In order to ascertain the stability of the fusion protein a relaxation was run. A relaxation can be thought of as a gradual adaptation to its environment and that is what is done here.
Topology files were generated using AMBERS tleap command and due to the choice of explicit water tleap was run twice: once to add water and determine the volume of the simulation system, and a second time after we use the volume to determine how many ions need to be added to give a specific salt concentration.
It was important to analyze the energy minimization results to ensure both the maximum force and potential energy are within reasonable thresholds.
Figure 2. Potential energy minimization.
Simulations are carried out in two stages: NVT (constant temperature) and NPT (constant pressure) equilibration, in order to attain thermal and mechanical equilibrium of the system. These are steps 2 and 3 of the relaxation process. The system temperature is progressively raised to the desired 300K to achieve stable conditions, and the system's stability is confirmed by monitoring the temperature, pressure, volume, and density curves over time.
Figure 3a,b. Figure of the potential energy from the second heating step as well as the temperature.
Figure 4a,b. Volume of the system over time and the density of the system over time for step 3.
Under the conditions of equilibrium, a long-term production simulation is conducted. In order to further analyze the intermolecular interactions and dynamic conformational changes.
Using VMD the key interactions of the protein system can be visualized through selection and rotation commands, identifying important residues and binding pockets that play significant roles during the simulation process.

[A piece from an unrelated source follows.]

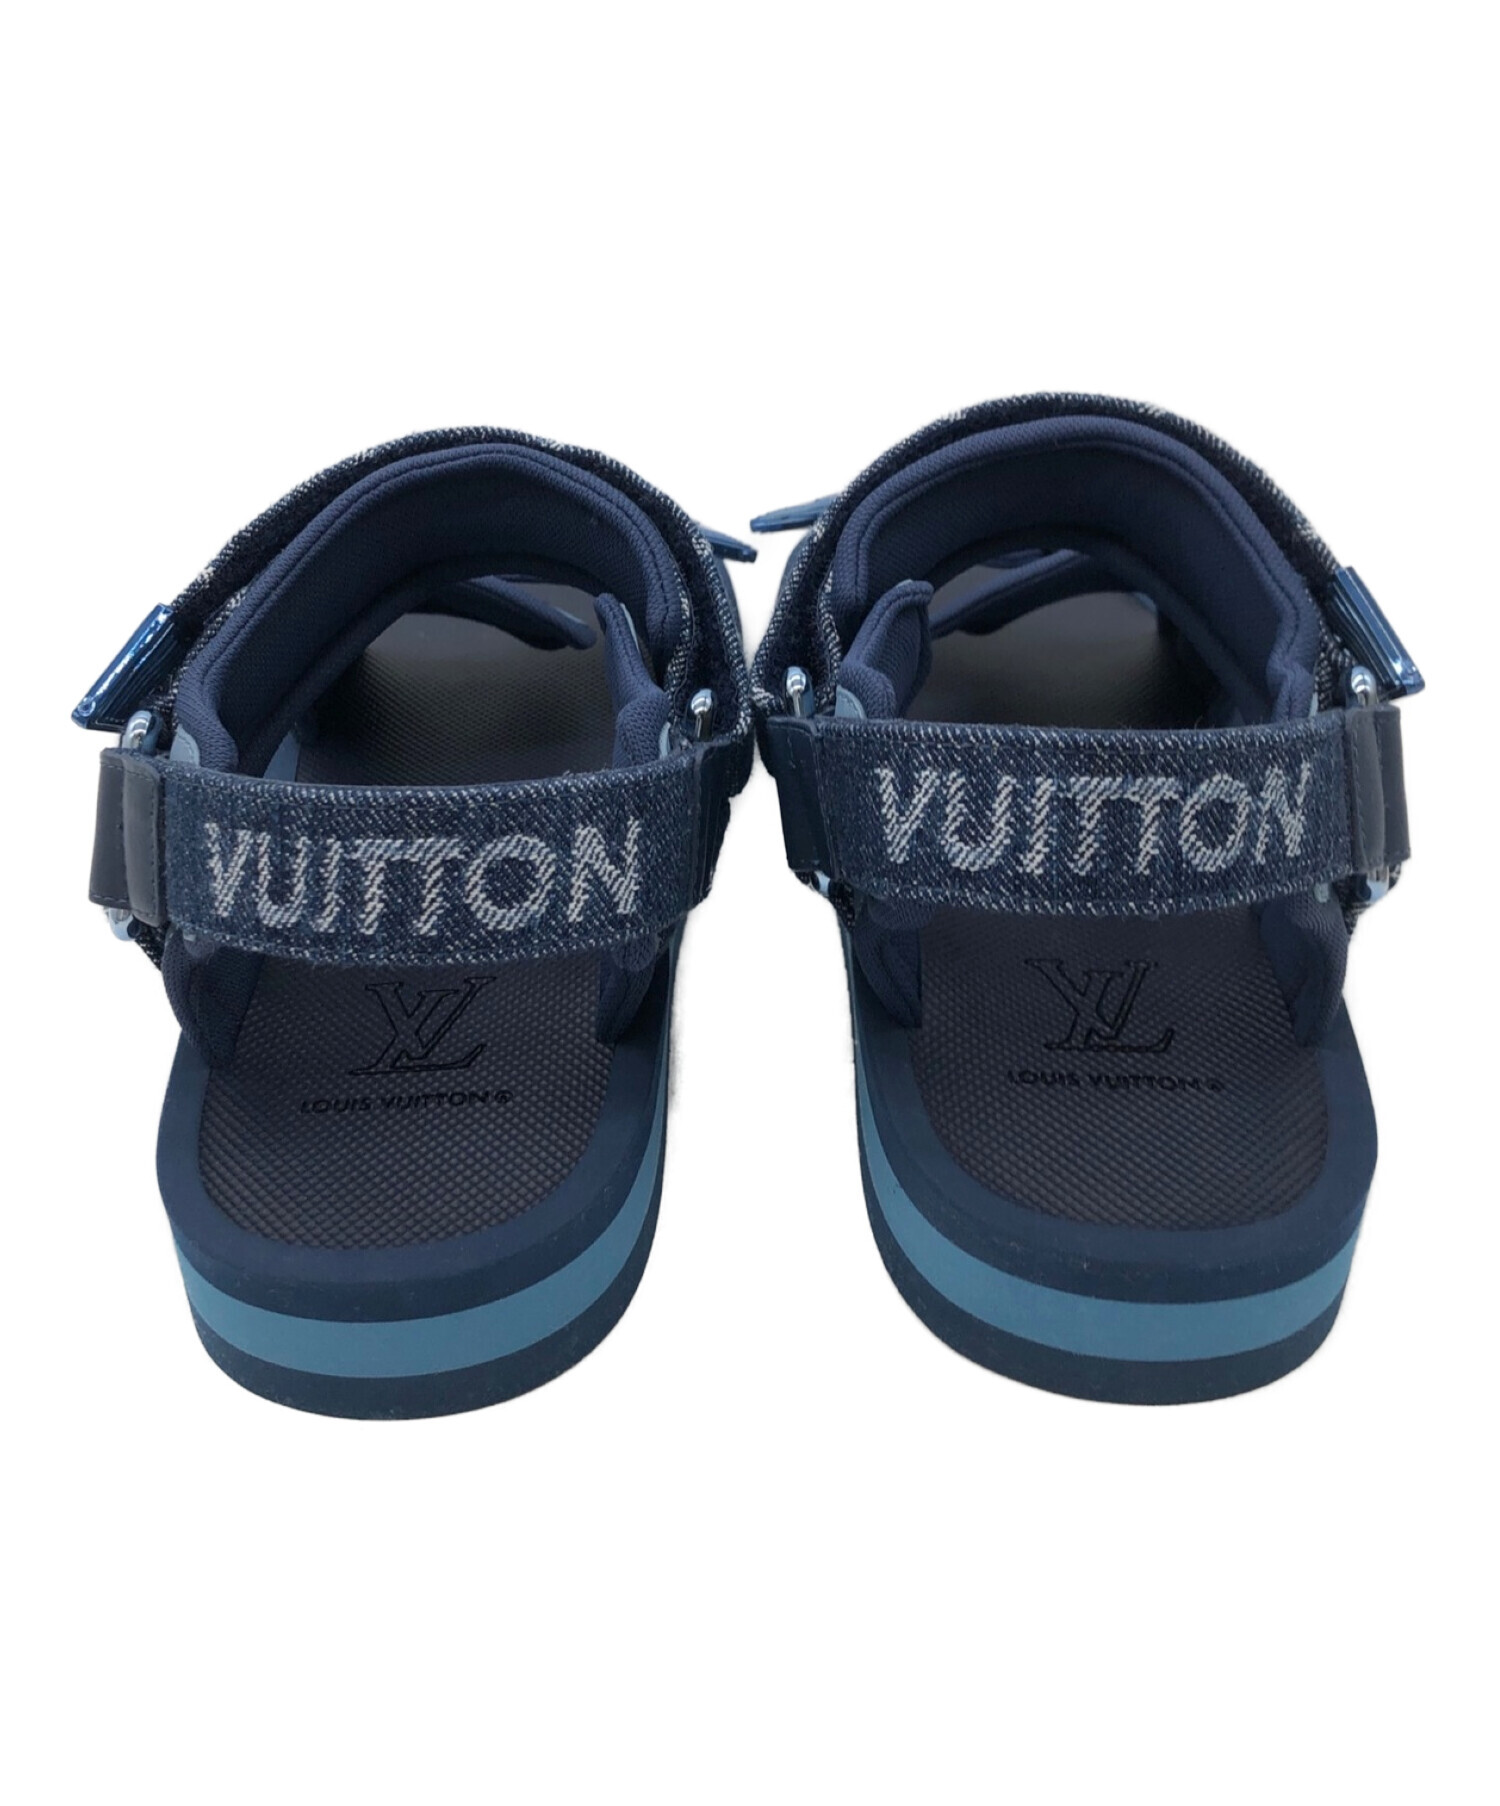 Louis Vuitton ルイヴィトン サンダル サイズ6 ユニセックス - サンダル

Figure 5: Fusion protein surrounded by water molecules.
As stated in literature Cas13a relies on two regions for cleavage, they are named HEPN-I and HEPN-II.
Figure 6: Higher eukaryotes and prokaryotes nucleotide-binding site for Cas13a.
Within these domains lie two pairs of amino acids each that have been known to be highly conserved as shown below. Thus the distance over time between the pairs of histidine and arginine were measured. The RMSD of both HEPN regions was also measured compared to the original structure as a reference. Root mean square deviation is a fundamental metric for measuring structural deviation during the simulation process. By calculating the deviation of structures at different time points, it is possible to assess the stability of the system.
Figure 7: The two pairs of amino acids on each HEPN domain. HEPN-I contains the 1255th and 1260th which are Histidine and Arginine respectively. The histidine and arginine pairs for HEPN-II are 1936 and 1941 (Wang et al).
Figure 8a,b. Distance over time for both pairs of amino acids.
Figure 9a,b. Root mean square deviations of each back bone.
It is observed in figure 7 that both amino acid pair distances remain stable throughout the process of the simulation. Furthermore, as shown by the RMSD graphs the values range from 0-2. Generally if the value is small (under 1 or 2 angstroms), the match is pretty good and we call these "very similar" structures. If the value is higher, such as 3 or 4, it's hard to know if that means all of the selected atoms are about 3-4 angstroms from where they are in the reference, or if it means that many of the atoms match very closely (1-2), and that other atoms deviate more strongly (4-5, or maybe more). The goal of this specific RMSD is to compare how the simulated structure changes over time with respect to the experimental structure.
Overall we can conclude that the general stability of the Cas13a is maintained once the fusion protein is created.